Artem et Sacha se fixèrent un instant sans rien dire. Sacha se tenait disposée à l’écouter stoïquement, pendant des heures s’il le fallait. Il n’y a qu’avec une placidité sibérique que l’on vient à bout de la protestation amoureuse. Comme toute force, elle s’épuise. « Tu te souviens, reprit Sacha, du jour où tu as participé au concours de caricature de l’odieux koulak crypto-trotskiste profiteur de guerre et que tu as remporté le premier prix ?
- Quelle gloire !
- Eh bien non, Artem…Et le jour où tu as dénoncé le petit Youri, qui vendait des disques de Kpop sous le manteau, et qui n’a pas pu entrer à l’université.
- J’ai démasqué un traître au régime.
- Sans doute pas. Et quand on t’a demandé en deuxième année de fac de gonfler les pectoraux de tous les ministres du Comité suprême sur les peintures officielles.
- Mon œuvre la plus aboutie.
- Tu t’es couvert de ridicule.
- Je ne te suis pas Sacha…
- Non tu ne me suis pas Artem… »
Après un silence, elle ajouta : « la pire chose qu’il puisse t’arriver dans la vie, c’est de réfléchir – je ne dis pas ça méchamment, crois-moi – de réfléchir à ton existence, à ta situation, à notre monde, à son injustice, à sa cruauté…Il vaut mieux pour toi que tu ne te poses pas de questions, et alors, je te garantis que tu seras parfaitement heureux.
- Je ne serai jamais heureux sans toi.
- Tu dis ça aujourd’hui, mais la Légion d’honneur c’est mieux que l’amour. »
Artem sentait que la conversation touchait à sa fin.
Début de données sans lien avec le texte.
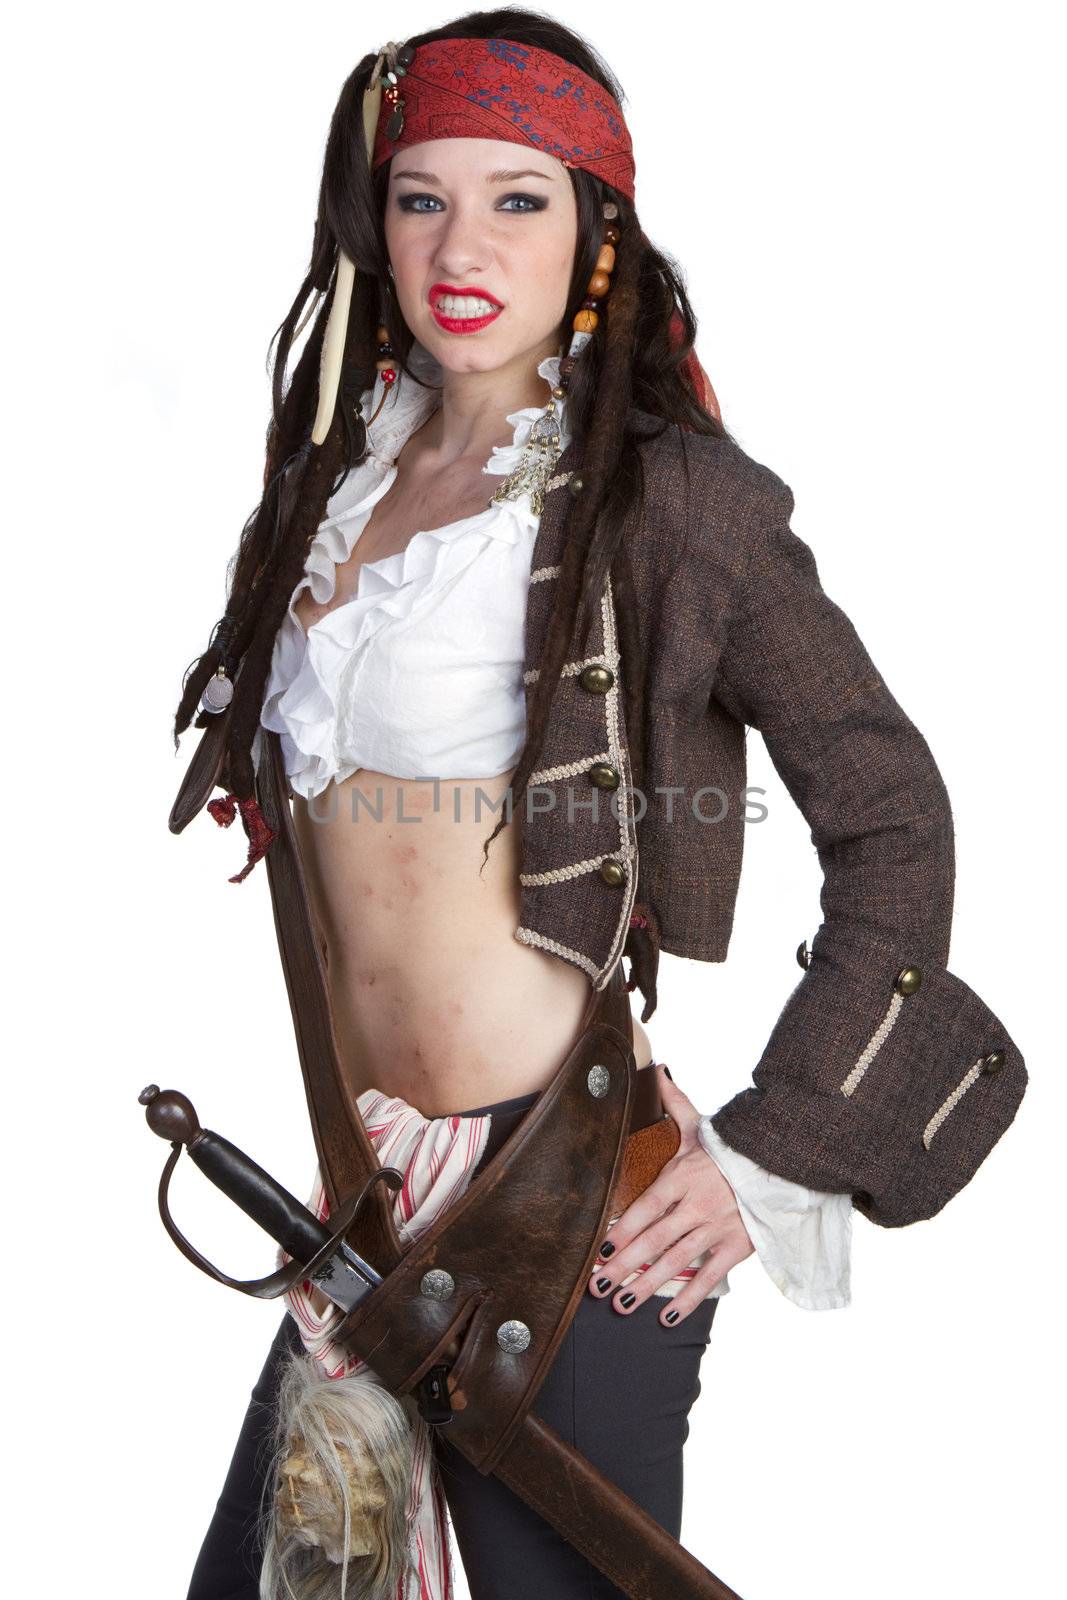 Pirate Woman by keeweeboy

Et qu’advenait-il alors ? Rien ! la vie sans Sacha, c’est-à-dire le néant, l’apocalypse, le désespoir. Elle voulait de l’enchantement ? Il avait cinq secondes pour devenir poète. « Attends Sacha ! qu’est-ce qu’il me disait déjà le colonel Tchecheiev…ah oui ! la terre est bleue comme une orange… » Le visage de Sacha s’éclaira.
- Oui…
- La terre est bleue comme une orange…
- Oui…oui Artem, soupira Sacha en approchant son visage de l’écran, et quelle est la suite ?
- Comme une orange…
- Encore un effort…
- Comme une orange
- S’il te plaît…
- Comme une orange bleue j’imagine.
- Ok.
- Oui, comme une orange bleue, sinon ça n’a pas de sens.
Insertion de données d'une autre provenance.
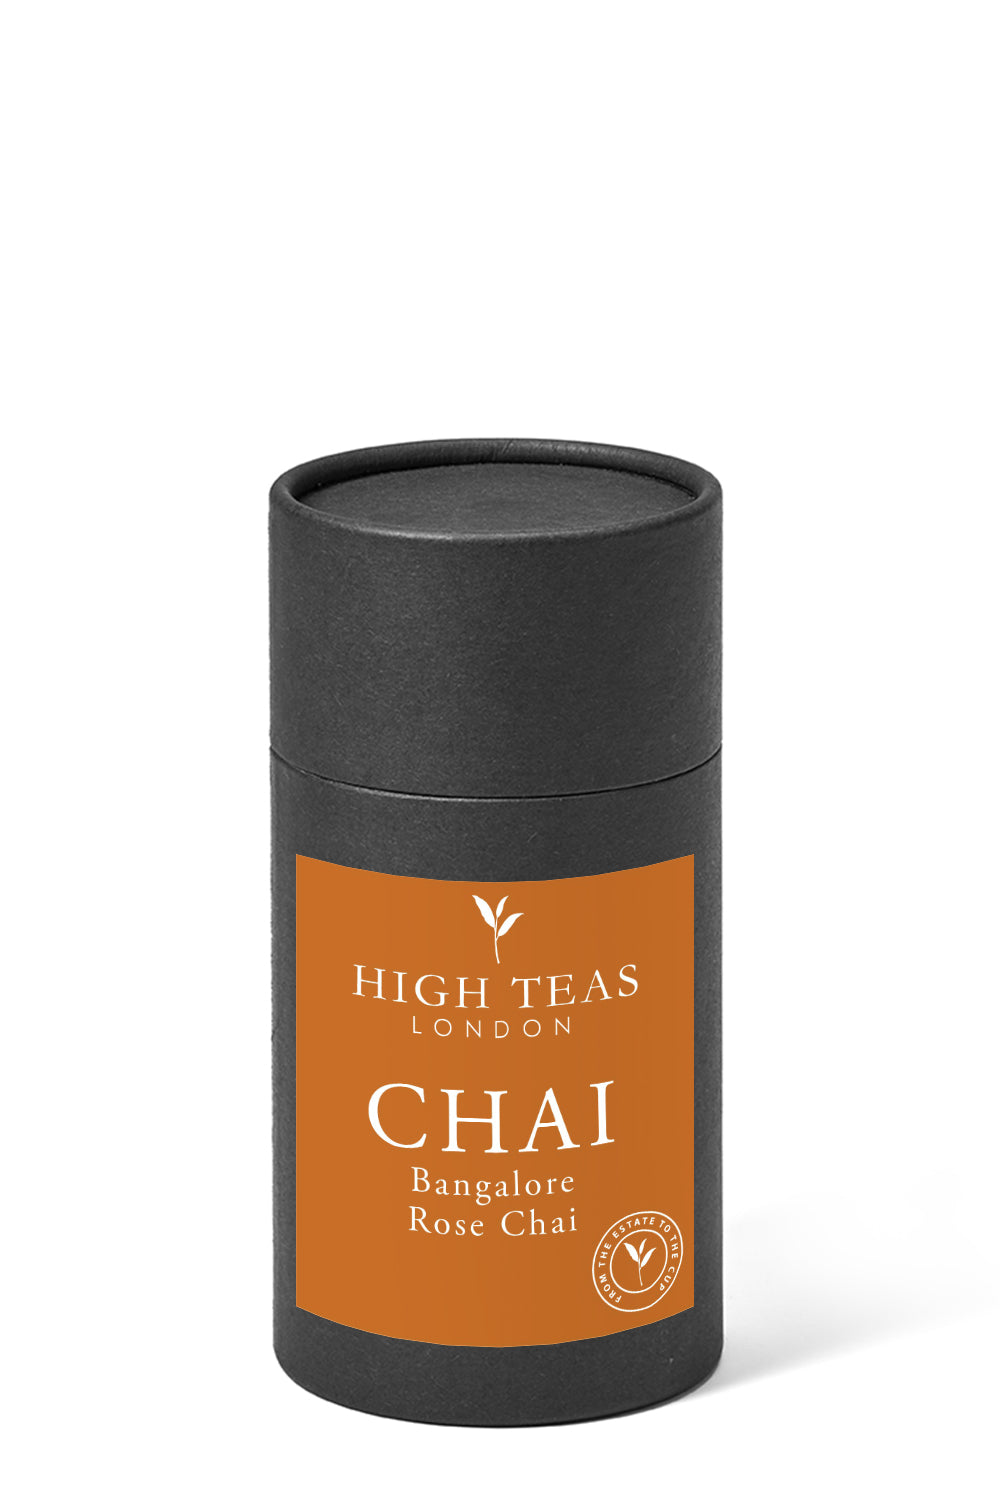 Bangalore Rose Chai-60g gift-Loose Leaf Tea-High Teas

- Artem, je dois retourner au travail.
- Mais où donc voulait en venir Eluardovovov ?
- Artem je te laisse maintenant, bon courage pour ta mission.
- Attends Sacha !
- Oui ?
- Une fois que je serai rentré de ma mission, nous allons nous revoir ?
- Je ne sais pas Artem…
- Sacha, par pitié…
- Je n’ai pas envie de te donner de faux espoirs. Considère que non.
- …
- Nous nous reverrons le jour où la terre sera bleue comme une orange. Adieu camarade peintre. »
Sacha quitta la conversation. Artem se retrouvait seul, frigorifié, à bord de cette coquille dérisoire qui le menait jusqu’à Mirifax. Il n’avait plus, mais alors plus du tout, envie d’accomplir la mission pour le Comité suprême. Les responsabilités étaient lourdes, son cœur plus encore…Autant dire que l’avenir du régime, il s’en fichait comme d’une guigne.
J'ai vraiment hâte de découvrir la suite de cette histoire ! Est-ce que tu comptes sortir une nouvelle partie bientôt ?
J'en parlais dans un commentaire, avec un autre membre de Plume d'argent, Robruelle, qui évoquait "le guide du voyageur intergalactique". Je ne sais pas si tu connais, c'est de la science-fiction humoristique, écrite par un anglais, c'est vraiment très très très drôle, je te le conseille si tu aimes le genre!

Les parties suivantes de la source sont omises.